HydraIssues

Stream session termination: reliability map and open gaps (2026-05-22)
open unclassified Project: hydracluster Reporter: 22 May 2026 06:12

Description

## What works (as of 2026-05-22)

### Versions deployed
- hydracluster: v2.0.95
- hydrabody: v2.0.60 (all 4 active bodies)
- hydraheadipad: v0.2.150 (CI building)

### Termination paths and event coverage

| Path | Trigger | Event emitted | Body idle in |
|---|---|---|---|
| User taps Exit (iPad) | `notifyStreamStopped` → TerminatePending | `terminate_pending` (amber, Success:true) | ≤5s |
| Admin stops body | `DELETE /api/v1/nodes/{id}/stream` | `stream_stop` | ≤15s |
| Session watchdog | body stale >60s OR head-only stale >120s | `terminate_pending` (red, Success:false) | ≤125s |
| Sunshine self-closes (clean Moonlight disconnect) | body tick: streaming→idle | **none — silent** | ≤5s after Sunshine closes |
| Body goes offline while streaming | offline detection loop | **none — silent** | n/a (body is gone) |

## Open gaps

### Gap 1 + 2: Two `closeSession` calls emit no event

In `pkg/api/handlers_body.go`:
- Line 346: `closeSession(bodyID, "body_idle")` — fires when body self-reports streaming→idle (Sunshine closed after clean Moonlight disconnect).

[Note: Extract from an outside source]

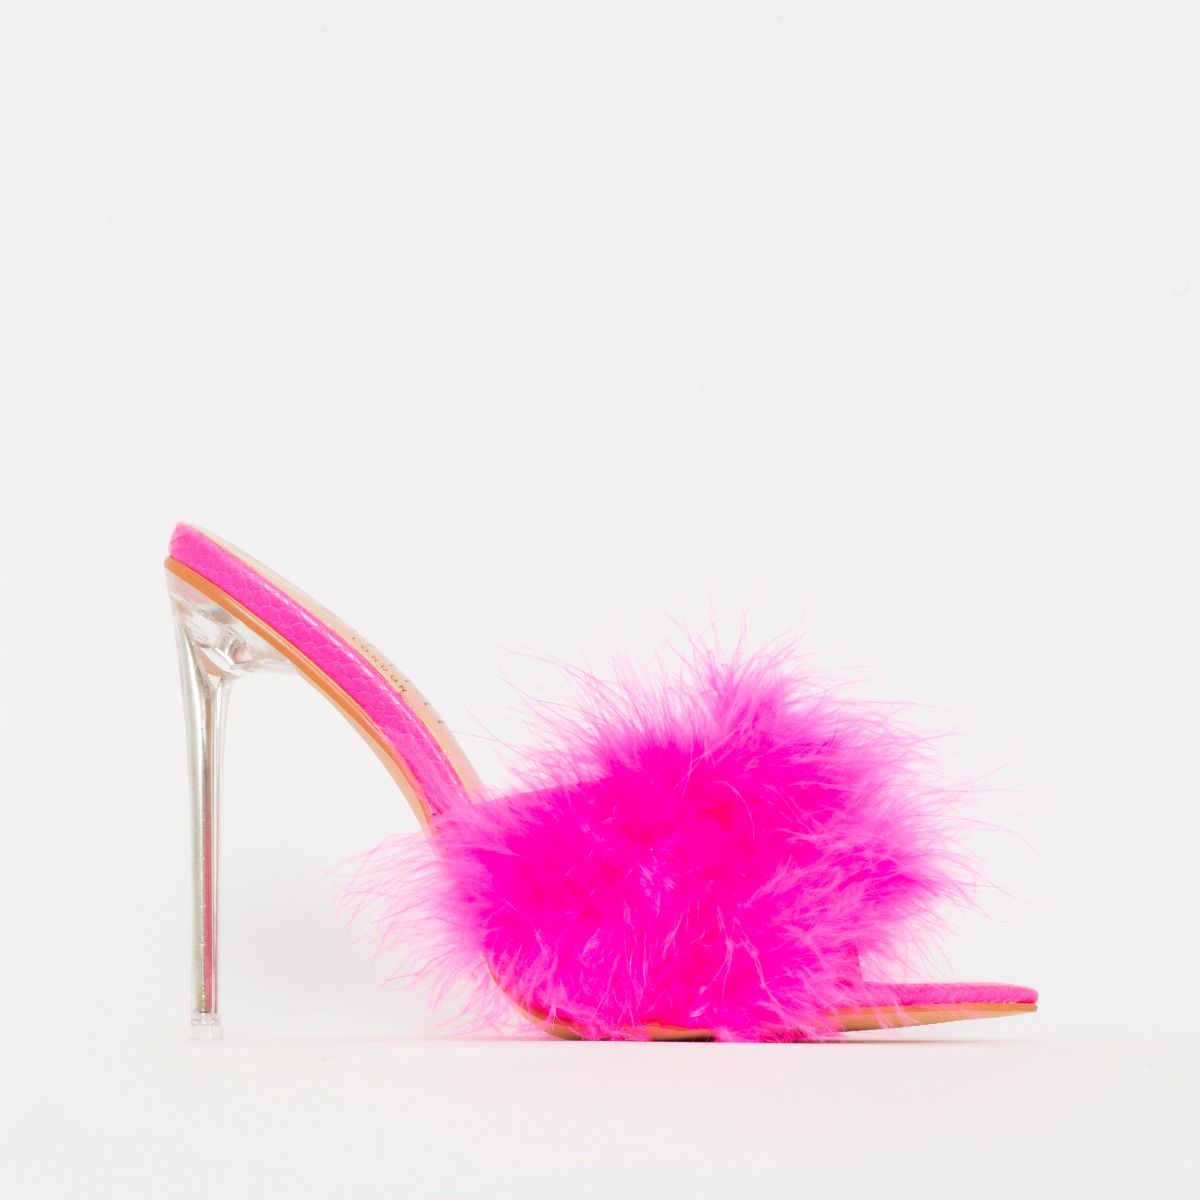 pink heels with feathers
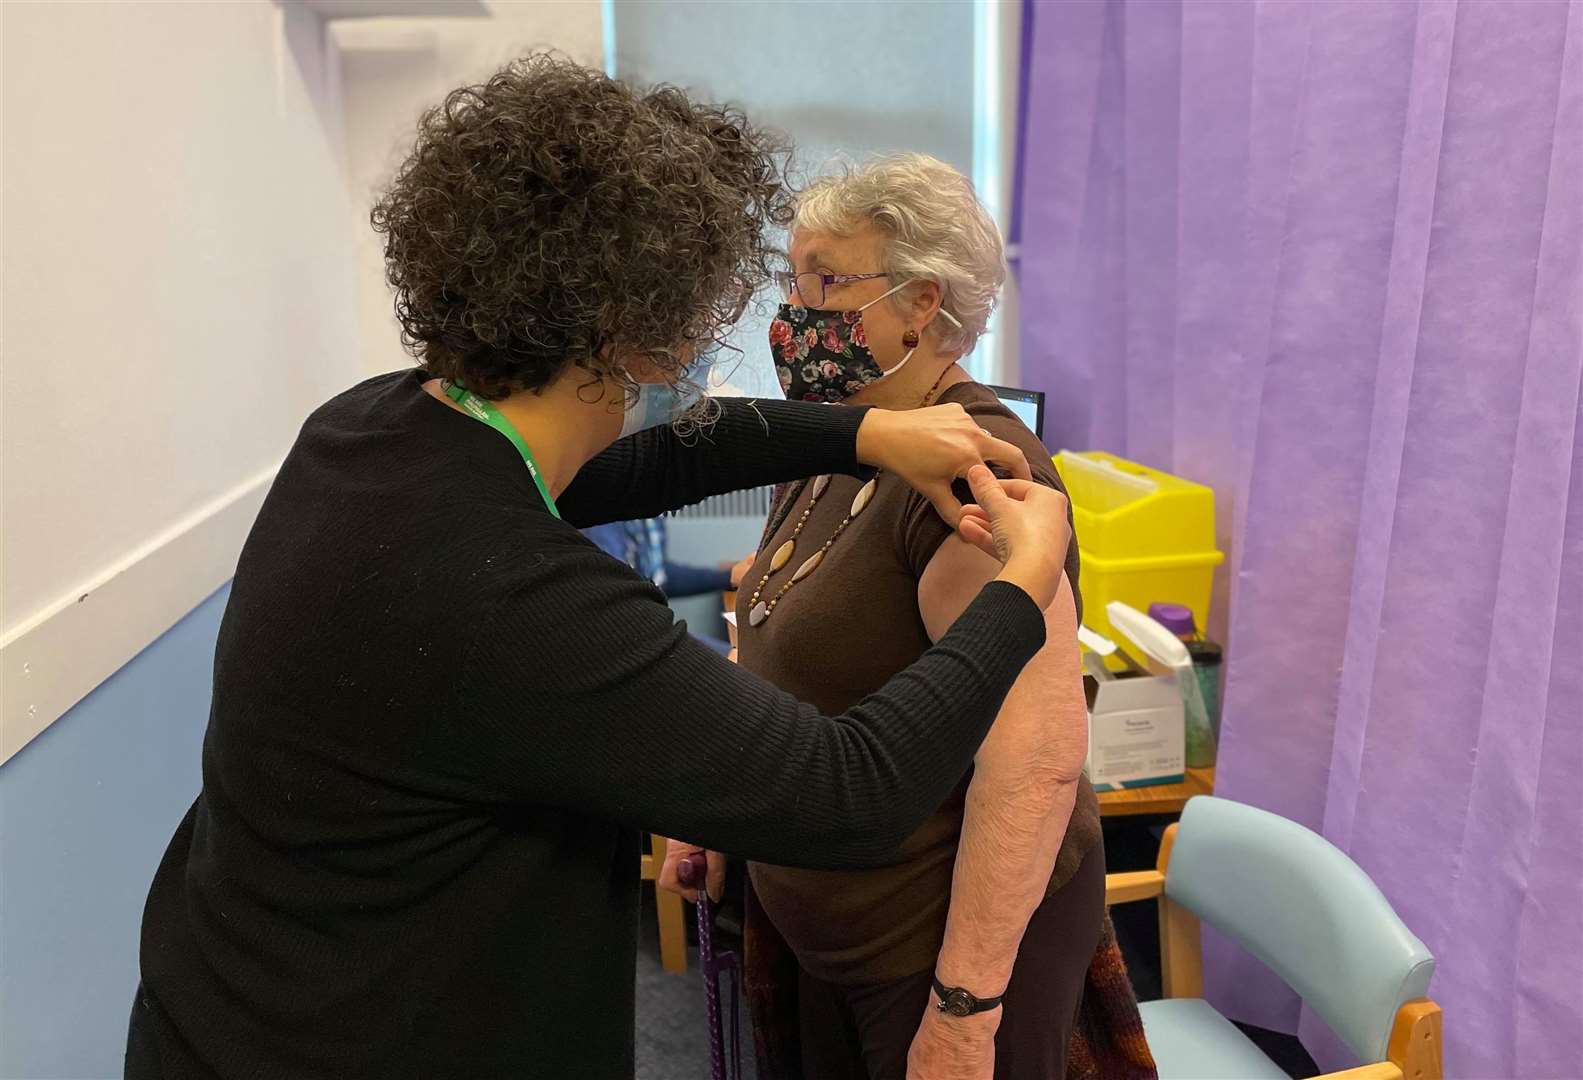 Dr Hilary Audsley, GP at The Chestnuts Surgery in Sittingbourne, giving patient Rowena Mount her first dose of the coronavirus vaccine today

No event.
- Line 1020: `closeSession(bodyID, "body_offline")` — fires when offline detection loop sees a streaming body go offline. No event.

**Fix**: emit `stream_stop` at both call sites.

```go
// after closeSession(nc.node.ID, "body_idle") — line 346
s.emitEvent(EventRecord{
Type: EventStreamStop,
BodyID: nc.node.ID,
BodyName: nc.node.Name,
Message: "Sunshine session ended — body self-reported idle",
Success: true,
})

// after closeSession(node.ID, "body_offline") — line 1020
s.emitEvent(EventRecord{
Type: EventStreamStop,
BodyID: node.ID,
BodyName: node.Name,
Message: "body went offline while streaming",
Success: false,
})
```

### Gap 3: No body-side orphan detection

TCP port watchdog (polling 47984/47989/48010) was removed in hydrabody v2.0.59 due to NAT table false positives. No body-side mechanism now detects an orphaned stream where Sunshine is still running but no Moonlight client is connected. Fully dependent on hydracluster 120s head watchdog as fallback.

### Gap 4: Heartbeat failure root cause unknown

hydraheadipad v0.2.150 adds `Heartbeat failed: <error>` logging. Once deployed to fleet and a stream runs, logs will confirm whether silent heartbeat failures are causing premature watchdog kills. Check the log viewer (step 5c of testbook) after any session that ends unexpectedly.